Le ministère octroie des heures supplémentaires pour les services ambulanciers à Québec

Le ministère de la Santé a finalement octroyé au CIUSSS de la Capitale-Nationale quelque 8760 heures supplémentaires de services par année afin d’améliorer la couverture ambulancière dans Québec métro.

«8760 heures, ça représente en moyenne 24 heures d’ambulances de plus par jour [et l’équivalent de quatre travailleurs à temps plein de plus]. Avec l’ajout de 23 717 heures au 1er avril 2018, on est assez convaincu que ça va répondre à la demande prévisible», dit en entrevue au Soleil le directeur des services professionnels du CIUSSS de la Capitale-Nationale, le Dr François Aumond. 

«Pour les pics ou les événements imprévisibles, comme un carambolage, le Centre de communication santé [des Capitales] est en mesure avec certains critères de demander aux compagnies ambulanciers de déployer des ambulances supplémentaires», estime le Dr Aumond. 

Ces ajouts portent la couverture ambulancière de Québec métro à environ 180 000 heures de temps ambulance par année. «On va faire un bon bout de chemin avec ces heures-là», croit le directeur des services professionnels du CIUSSS.

Parallèlement à cet appui financier, il est prévu d’améliorer la performance du transport préhospitalier, notamment en agissant pour réduire le délai de remise en service des ambulanciers à la suite d’une affectation.
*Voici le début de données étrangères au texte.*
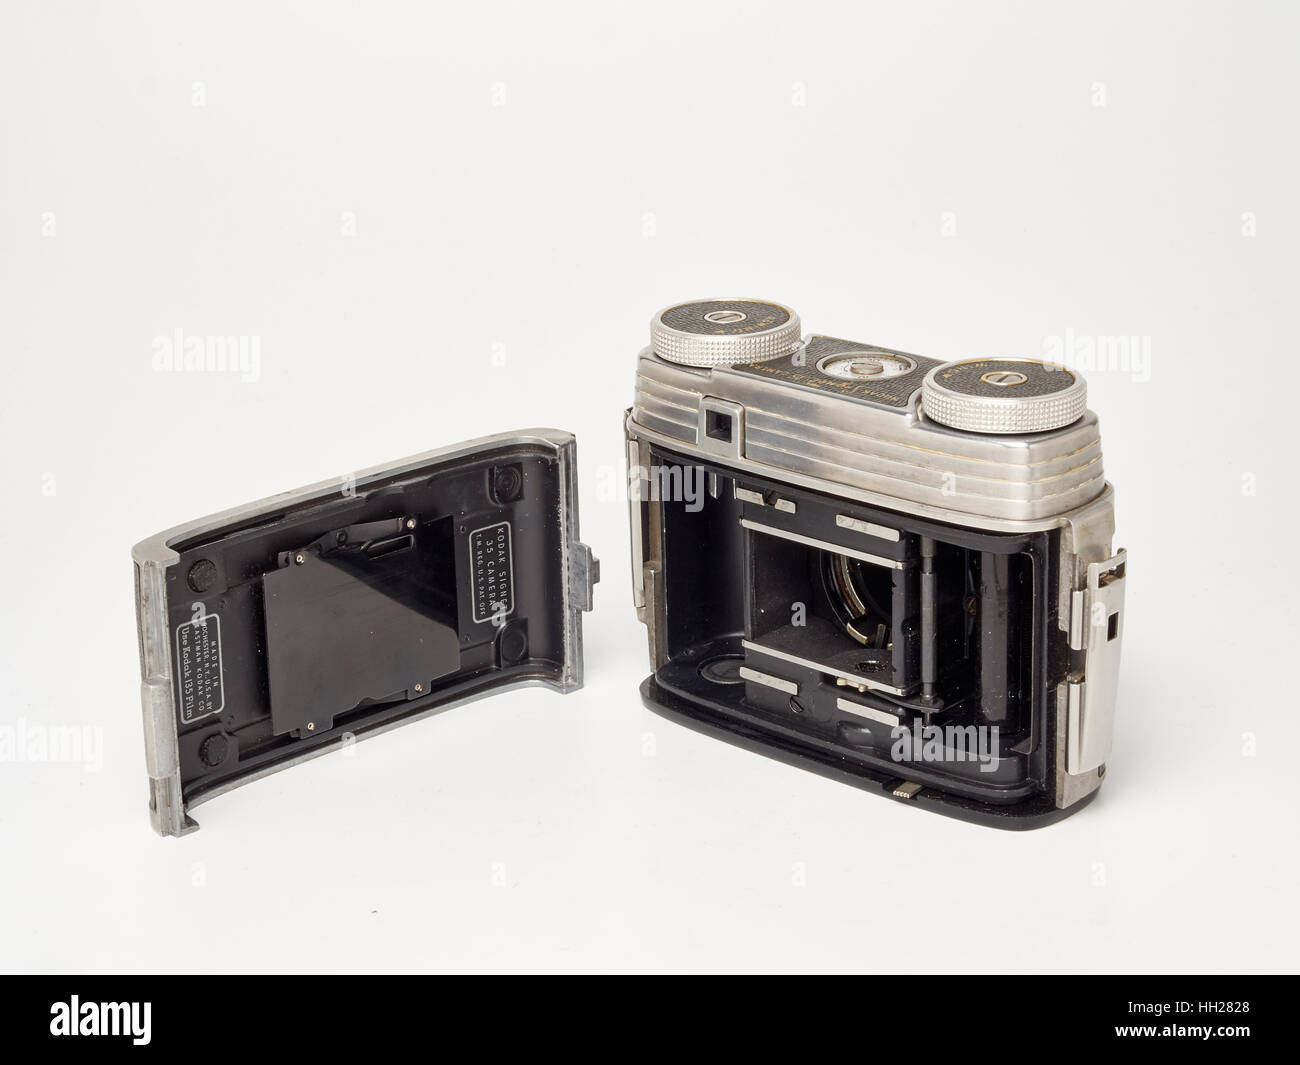 Kodak-Signet 35 analogen Filmkamera Stockfoto

À plusieurs reprises au cours des derniers mois, les ambulanciers ont dénoncé le phénomène de rétention de civières dans les urgences des hôpitaux de Québec.
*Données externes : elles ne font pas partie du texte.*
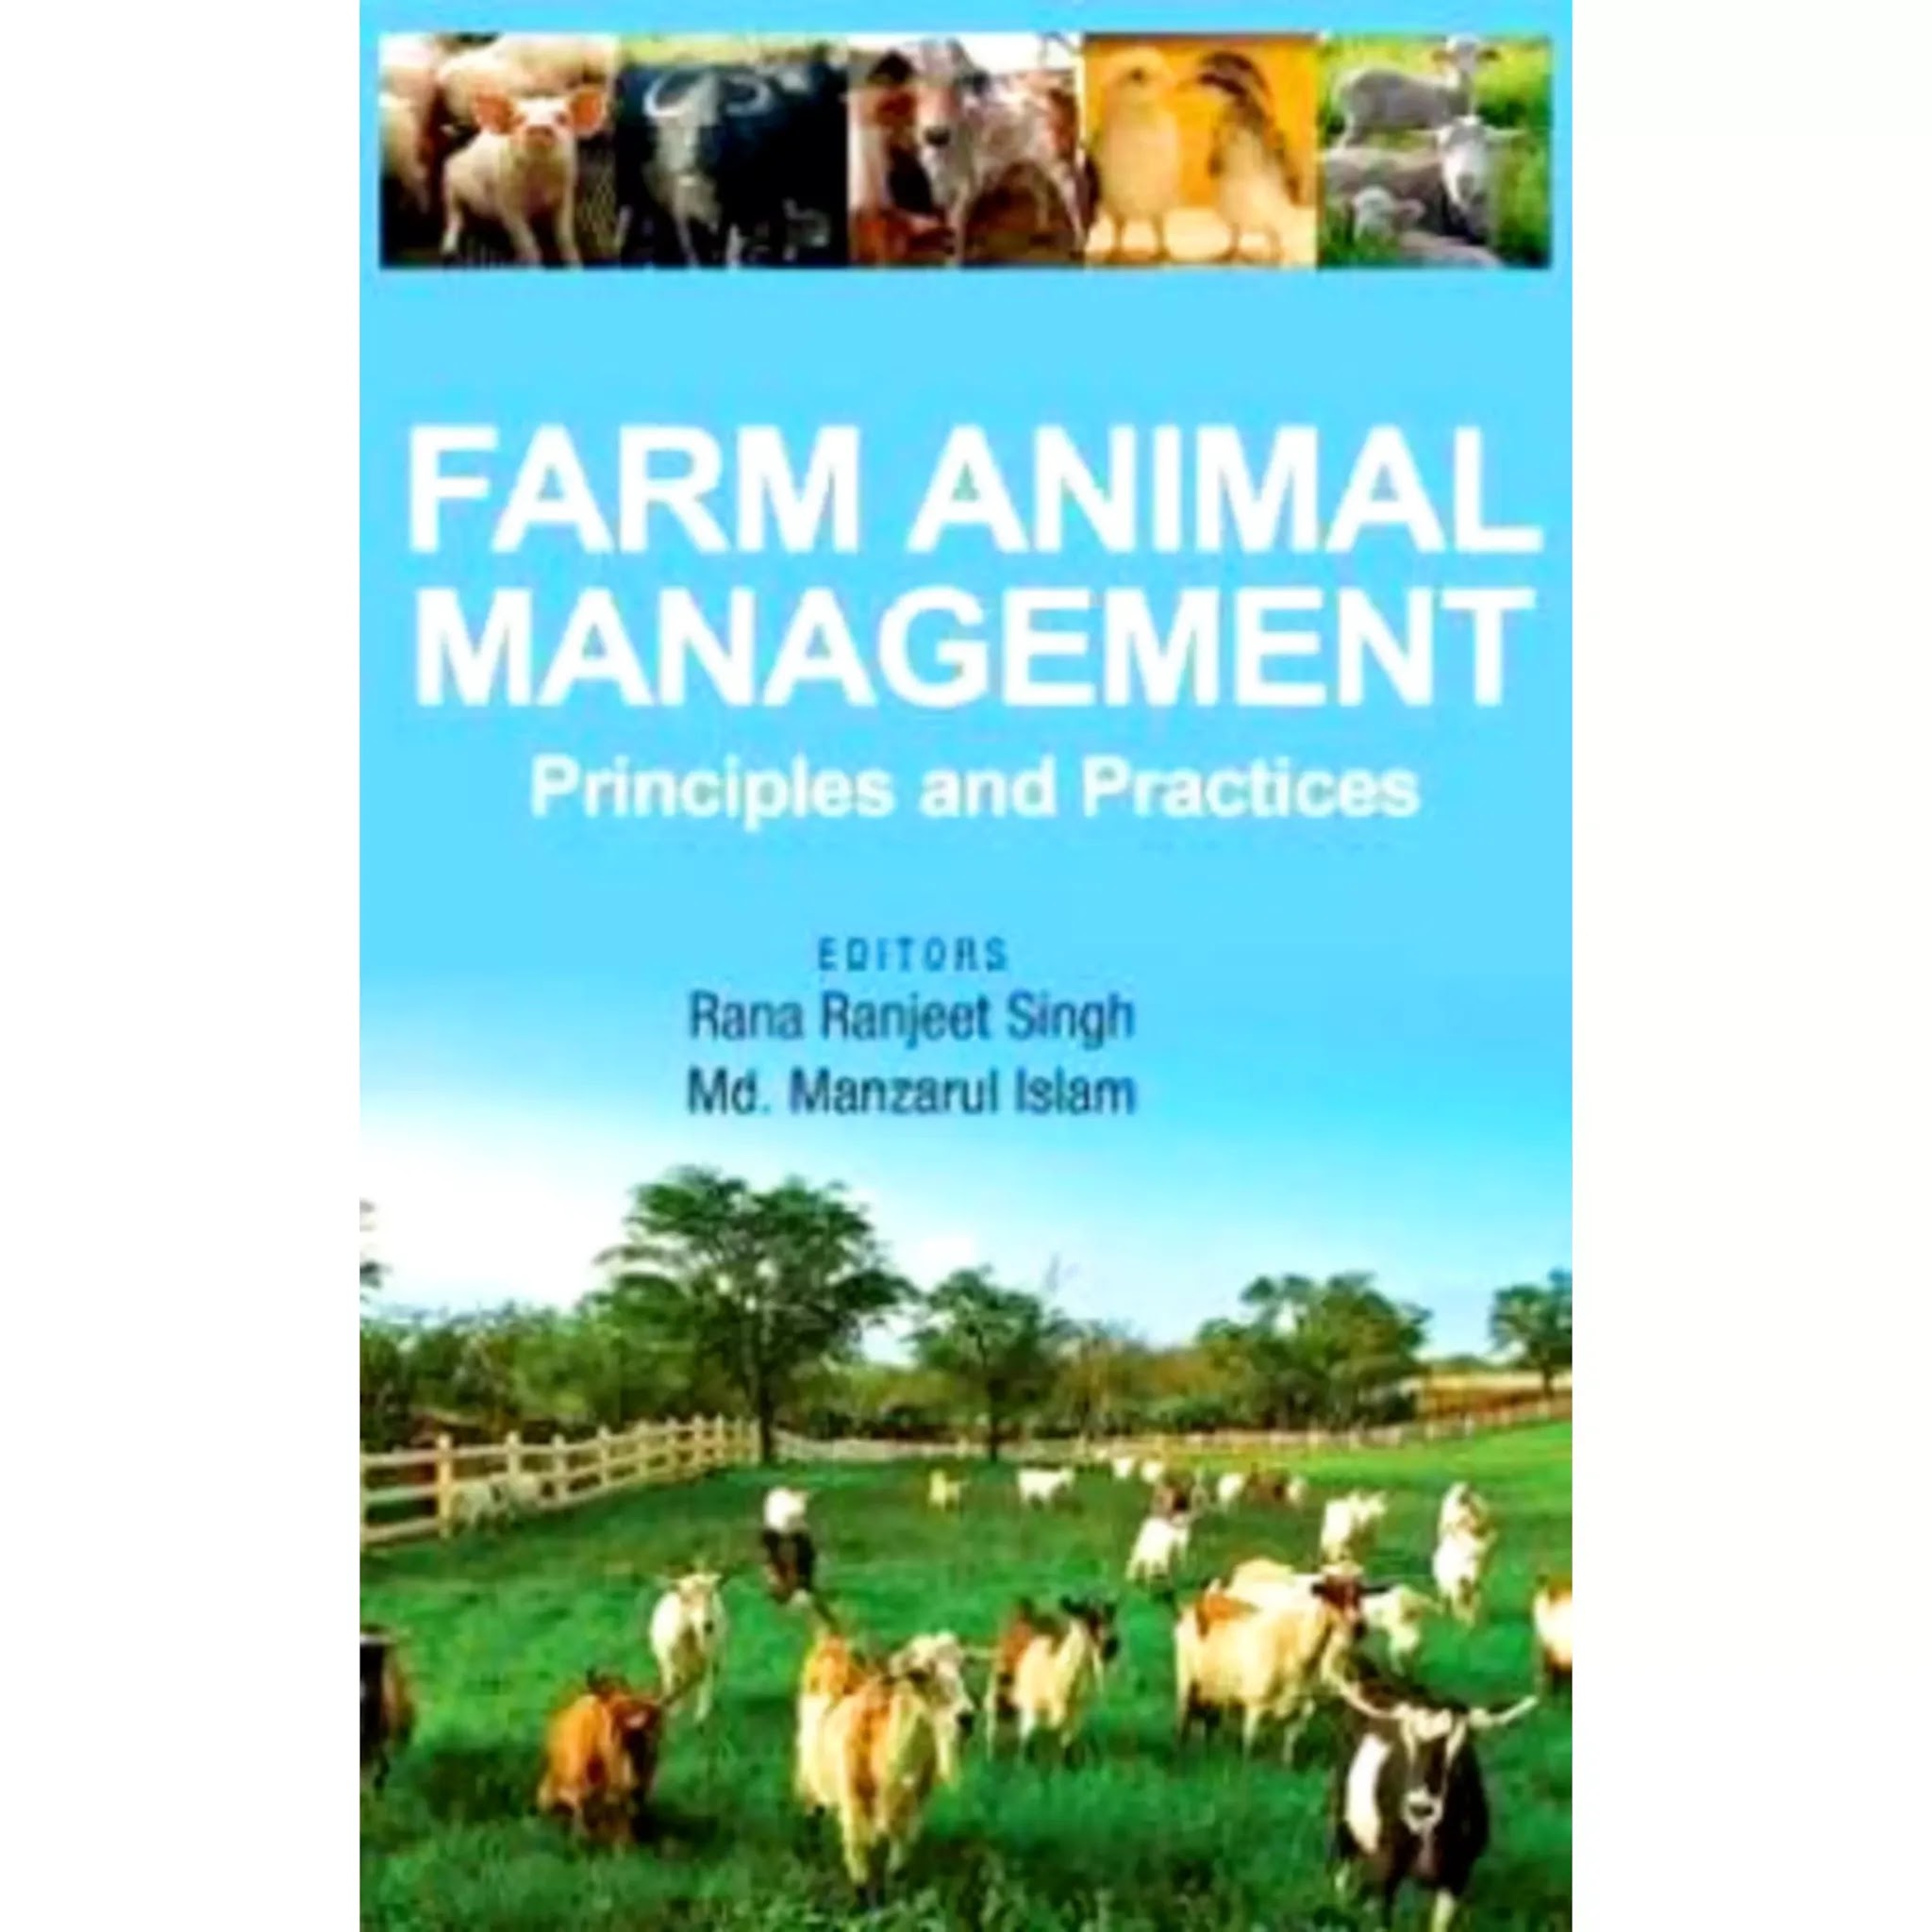 Farm Animal Management by Rana Ranjeet Singh and Md Manzarul Islam

«On va travailler en partenariat avec les entreprises ambulancières, le CHU de Québec et l’Institut universitaire de cardiologie et de pneumologie de Québec» pour s’assurer notamment que le personnel prenne en charge le patient dès son arrivée, mentionne le Dr François Aumond. 
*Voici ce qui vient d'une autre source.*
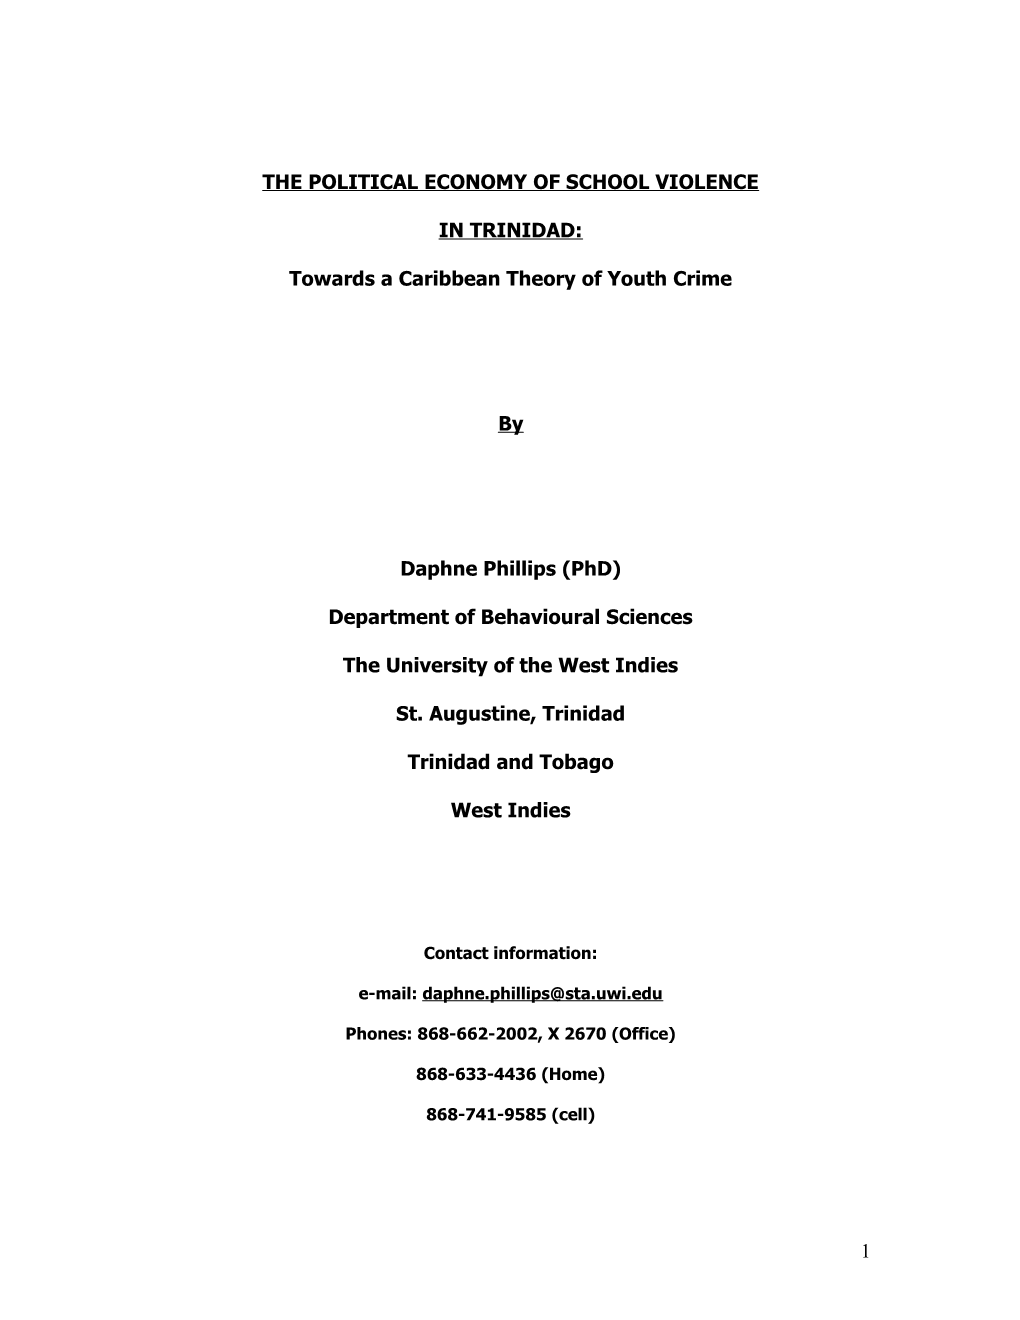 The Political Economy of Schoolviolence

Le manque d’ambulances à Québec a fait quelques fois la manchette depuis le mois de novembre. Le président de l’Association des travailleurs du préhospitalier (APTH), Frédéric Maheux, alléguait que le manque de véhicules entraînait des délais dans les temps de réponse, mettant des vies en danger. L’ajout en 2018 de 40 000 heures de temps d’ambulances par année, soit l’équivalent de 18 travailleurs à temps plein, n’était pas suffisant, selon lui.

Deux décès

Le 20 décembre, Lisette Deslauriers, 70 ans, est décédée dans le stationnement de l’Hôpital Chauveau, possiblement des suites d’une crise cardiaque. Elle avait été forcée de se rendre à l’hôpital par ses propres moyens à cause du manque allégué d’ambulances.

Après le décès de Mme Deslauriers, sa fille, Annie Gignac, a livré bataille pour éviter que la situation se reproduise. Elle a demandé au maire Régis Labeaume de joindre sa voix à la sienne pour convaincre les autorités d’ajouter des ambulances et mieux protéger la population de Québec. Elle a également créé la page Facebook Le projet Grand-Mère pour recueillir des appuis dans sa tentative de changer les choses. 

En janvier, l’APTH a dénoncé un second décès, toujours lié au manque d’ambulances. Dans une note de service datée du 24 janvier, la direction de la Coopérative des techniciens ambulanciers du Québec (CTAQ) a pris le parti de ses employés en confirmant un manque de ressources ambulancières dans la région de Québec.

«Les heures supplémentaires annoncées aujourd’hui [mardi] sont nécessaires, mais nous ne pouvons pas crier victoire. Les heures qui ont été accordées sont à peine suffisantes pour nous maintenir la tête hors de l’eau», a réagi par voie de communiqué le président de l’APTH. 

Selon Frédéric Maheux, l’ajout de 8760 heures supplémentaires ne se traduira sur le terrain que par trois départs d’ambulances de plus par période de 24 heures. «Dans les dernières semaines, les paramédics ont eu peine à suffire à la demande malgré les ajouts de six à sept départs d’ambulance pour la même période», souligne-t-il.